The parabolas \(\mathrm{y}^{2}=4 \mathrm{x}\) and \(\mathrm{x}^{2}=4 \mathrm{y}\) divide the square region bounded the lines \(x=4, y=4\) and the coordinate axes. If \(S_{1}\), \(\mathrm{S}_{2}, \mathrm{~S}_{3}\) are respectively the areas of these parts numbered from top to bottom then \(S_{1}: S_{2}: S_{3}\) is........ (a) \(1: 2: 3\) (b) \(2: 1: 2\) (c) \(3: 2: 3\) (d) \(1: 1: 1\)

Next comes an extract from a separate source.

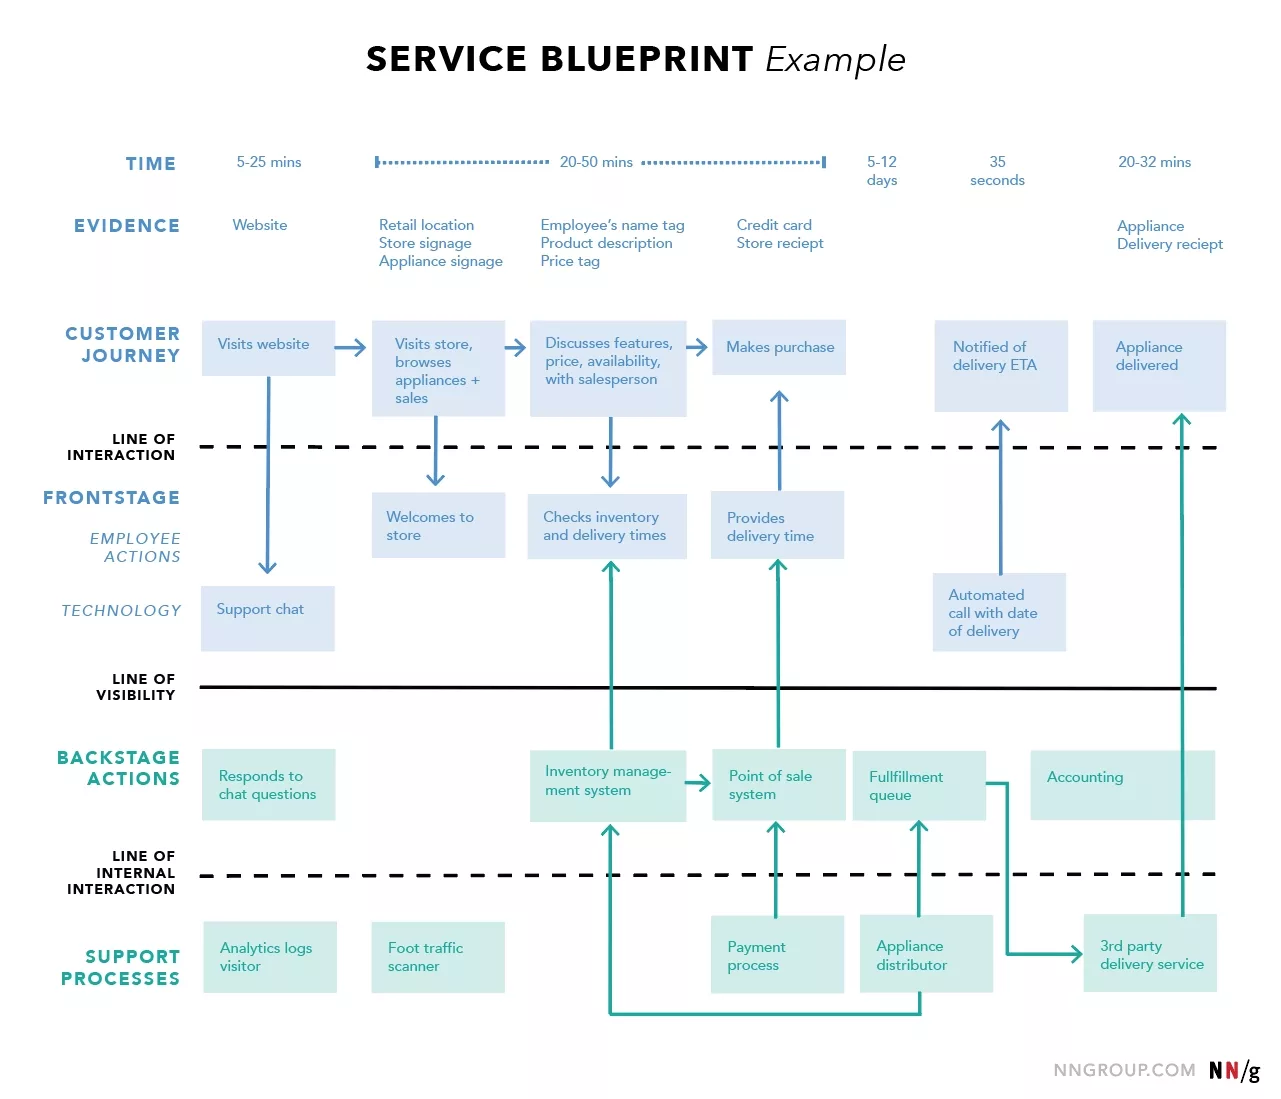 An example service blueprint from the Nielsen Norman group.

To find the points of intersection between the two parabolas and the square region, we need to set them equal to the boundary lines of the square and solve for x and y: Intersection Points with x-axis and the square's vertical boundary: (1) Set \(\mathrm{y}^2 = 4\mathrm{x}\) equal to 0 when \(\mathrm{x} = 4\): \(\mathrm{y}^2 = 4(4) = 16 \Rightarrow \mathrm{y} = 4\) (2) Set \(\mathrm{x}^2 = 4\mathrm{y}\) equal to 0 when \(\mathrm{x} = 4\): \(\mathrm{x} = \sqrt{4(4)} = 4 \Rightarrow \mathrm{y} = 4\) Intersection Points with y-axis and the square's horizontal boundary: (3) Set \(\mathrm{y}^2 = 4\mathrm{x}\) equal to 0 when \(\mathrm{y} = 4\): \(\mathrm{x}^2 = 4(4) = 16 \Rightarrow \mathrm{x} = 4\) (4) Set \(\mathrm{x}^2 = 4\mathrm{y}\) equal to 0 when \(\mathrm{y} = 4\): \(\mathrm{y} = \frac{4^2}{4} = 4 \Rightarrow \mathrm{x} = 4\) Intersection points between the parabolas: Set \(\mathrm{y}^2 = 4\mathrm{x}\) and \(\mathrm{x}^2 = 4\mathrm{y}\) equal to each other: \(\mathrm{x}^2 = \mathrm{y}^2 \Rightarrow \mathrm{y} = \pm\mathrm{x}\) Since we are interested in only the positive square region, \(\mathrm{y} = \mathrm{x}\): Substitute \(\mathrm{y} = \mathrm{x}\) into one of the parabolas' equations: \(\mathrm{x}^2 = 4\mathrm{x} \Rightarrow \mathrm{x} = 0, \mathrm{x} = 4\) The intersection points are: \((4,4)\), \((0,0)\), \((4,0)\), and \((0,4)\).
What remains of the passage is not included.